I want a rim shot, hey, digi, digi

The rim shot, hey, come on

A rim shot, hey, digi, digi

The rim shot, hey, come on

Give it to me, give it to me (boom-klat-boom-klat)

La voix gracieuse et enjouée d’Erykah Badu résonnait dans le salon à moitié vide. La trompe du phonographe, plaquée d’un or patiné par le temps, dispersait les notes profondes de la contrebasse. Les longues locs de Léto réunies par un foulard orange rebondissaient en même temps que les contre-temps du morceau. Soudain, la soul ensorcelante s’emballa et la voix douce et calme de la chanteuse s’enraya. Le phonographe cracha, puis, plus rien.

- Fais chier.

Léto déposa les livres qu’elle venait de sortir d’un carton, se releva et marcha furibonde vers l’objet qui semblait avoir vécu ses dernières heures. Ses bracelets et ses chaînes de corps tintèrent joyeusement.

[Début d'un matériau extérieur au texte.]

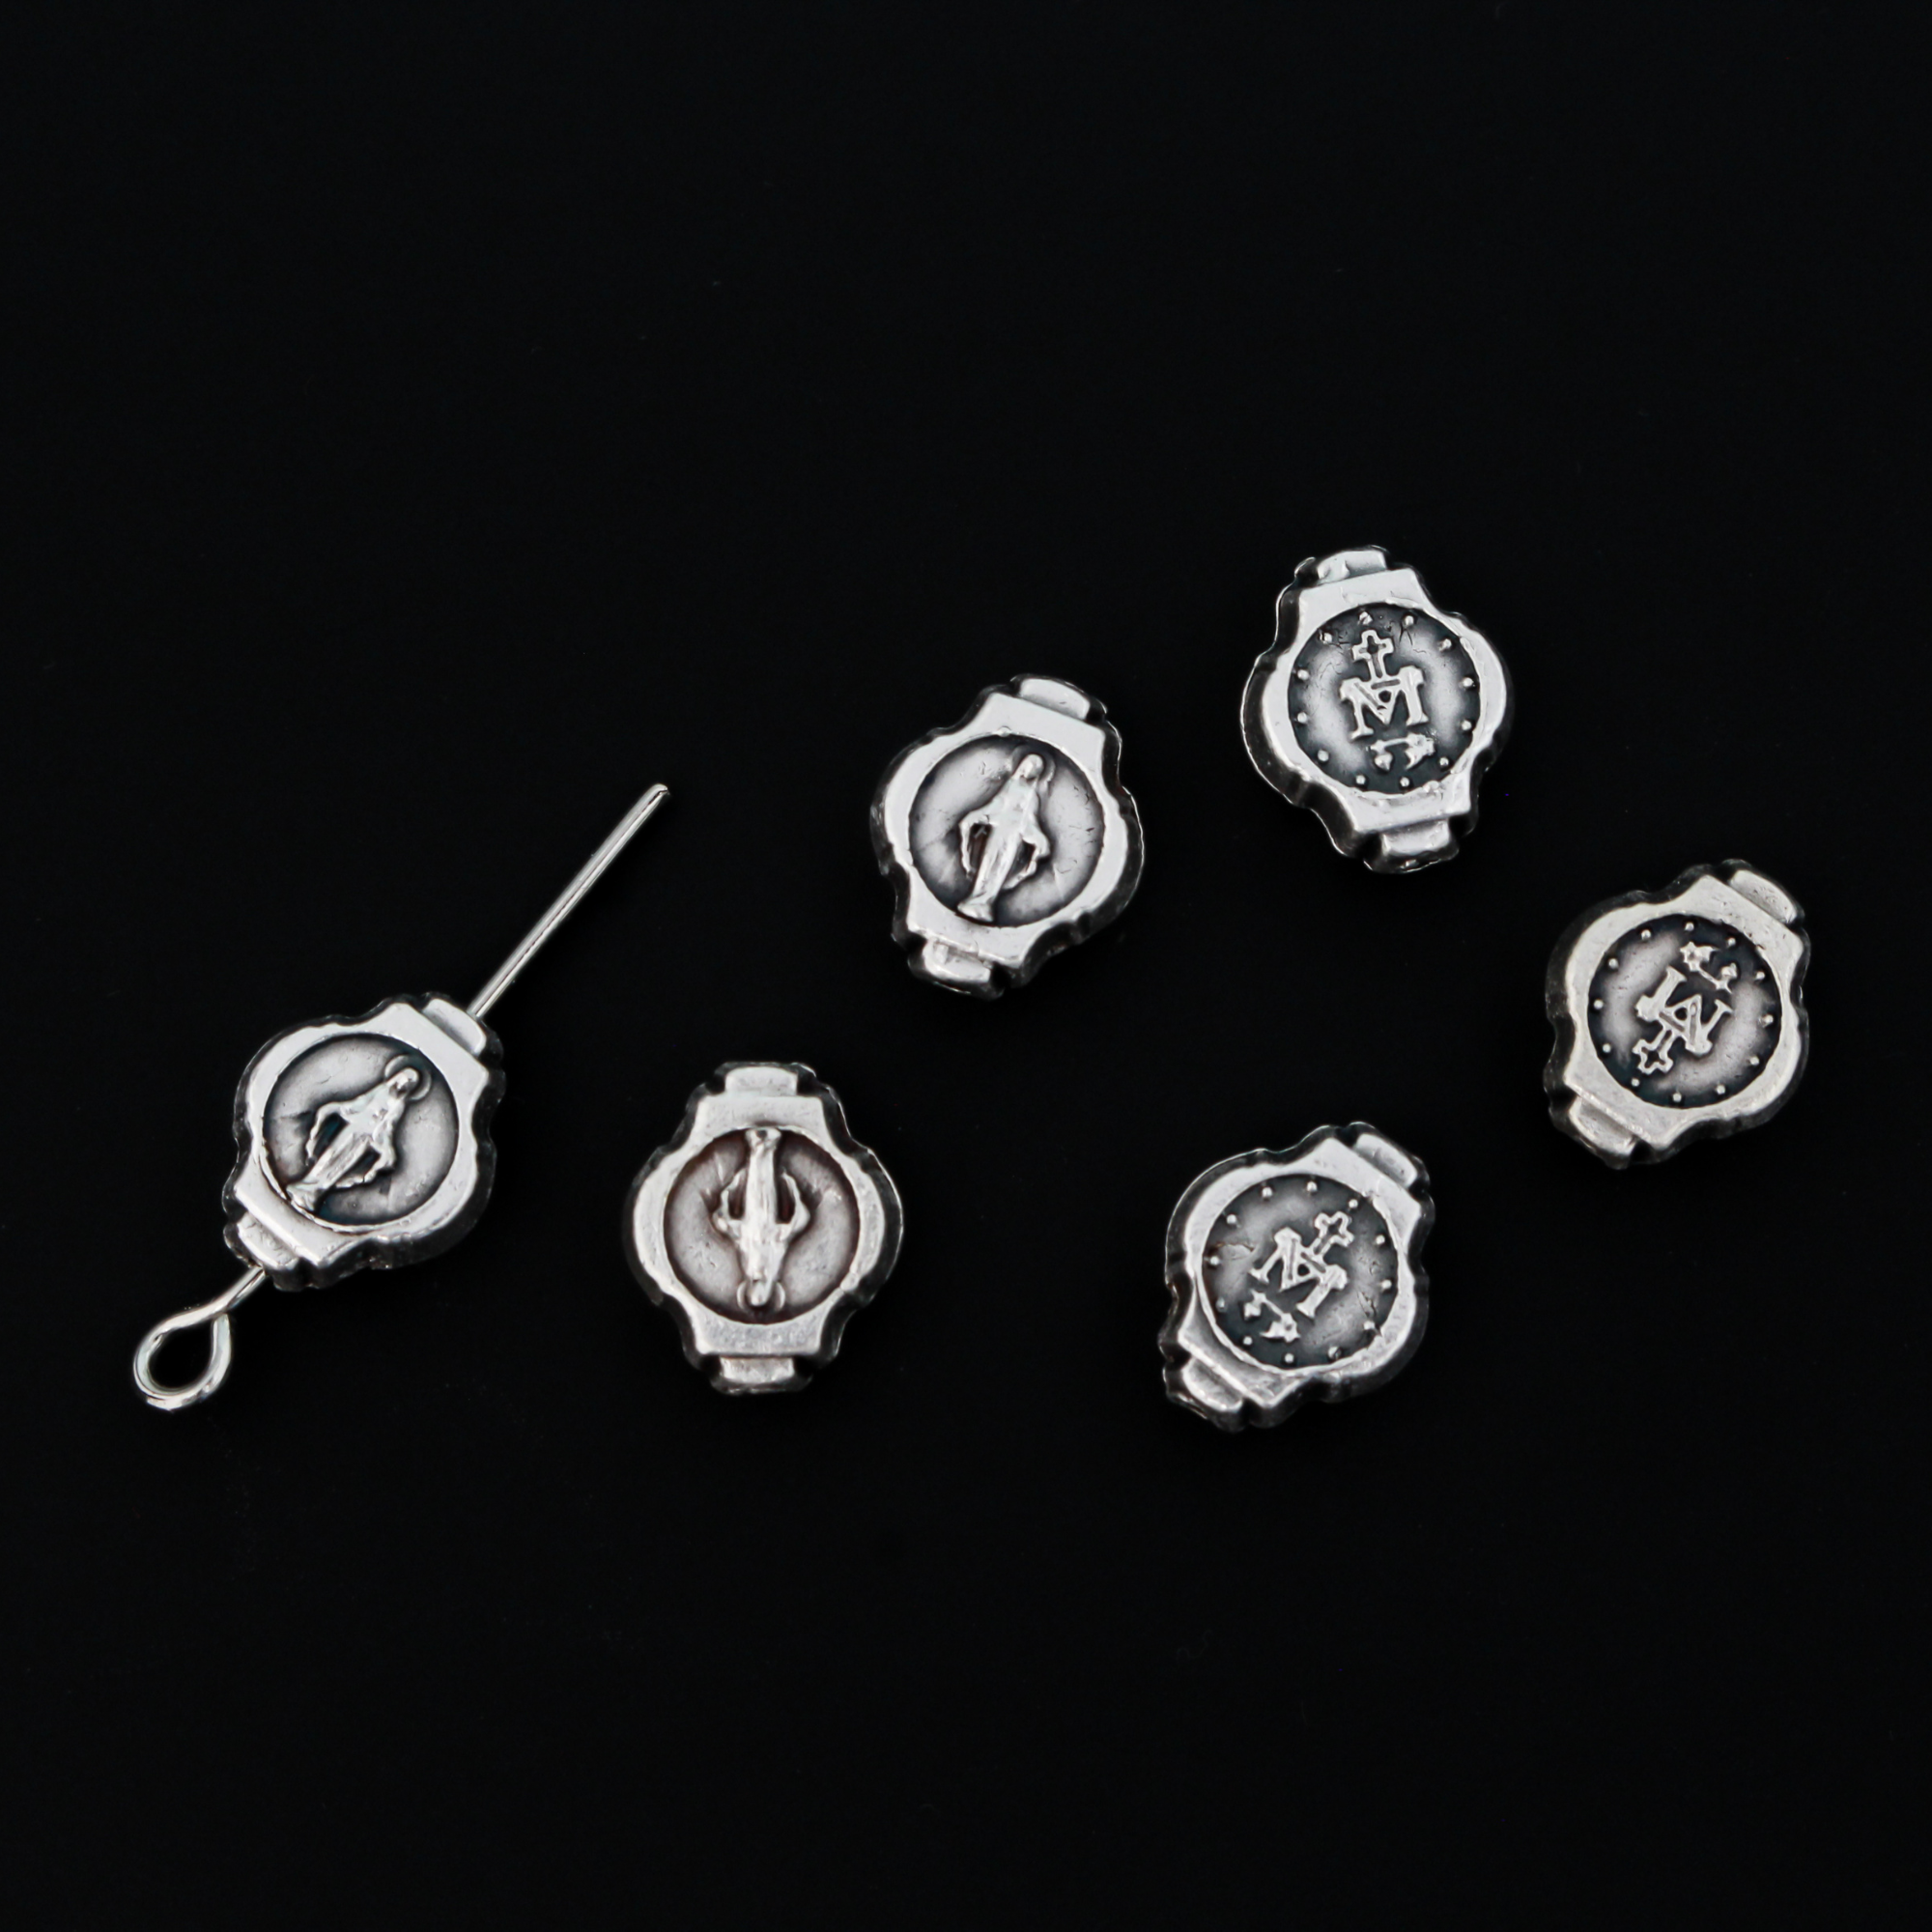 Miraculous Medal oval beads that are silver oxidized base metal made in Italy.

Elle retira le bras du vinyle qui pendouillait à moitié, ce qui trahissait une longue vie dans un bazar du centre-ville.

- Fais chier, fais chier, fais chier !

Il était mort, kaput. Plus de phonographe, plus de musique, plus de drogue. Plus de stimulant lui permettant de supporter les longues heures de déballage de cartons qui l’attendaiet jusque tard dans la nuit. Son cabinet ouvrait dans deux jours, et elle n’avait même pas déballé les deux tiers de tout son bazar. Cela faisait maintenant une semaine qu’elle tentait de structurer et d’organiser sa caravane "de bibelots idiots, inutiles et inintéressants”, pour citer sa mère, ce qu’elle n’avait d’ailleurs pas manqué de répéter quand sa fille avait tenté sans succès de tout fourrer dans une piteuse camionnette. La jeune femme zig-zaga entre deux piles de livres dans le sens contraire - sans manquer auparavant de cogner son petit orteil sur le pied d’un tabouret d’une origine tout aussi douteuse - pour arriver enfin à une autre pile de cartons. La pile. Elle incarnait l’Enfer, dont chaque cartons était un cercle. Le cercle des dossiers administratifs qu’elle devait trier puisqu’elle était partie en panique de chez ses parents et qu'elle n’avait pas eu le temps de le faire avant le déménagement. Ensuite le cercle des cosmétiques et de ses innombrables boîtes à thé (qu’elle avait rangées ensemble à défaut de n'avoir plus de cartons ). Cette tour lui faisait face, immense et infranchissable, semblant la défier et la narguer. Épuisée le soir de l’emménagement, elle avait empilé maladroitement les cartons les uns sur les autres dans un coin du salon, près de la baie vitrée. La tour de pise menaçait de s’écrouler à chaque fois qu’elle ouvrait une fenêtre, ce qui d’ailleurs lui provoquait des terreurs plusieurs fois par jour.

- On respire, Léty, qu’est-ce que disait tonton Marley déjà ? De ne pas s’inquiéter. Aller, tu souffles, inspiration - expiration. Inspiration - expiration.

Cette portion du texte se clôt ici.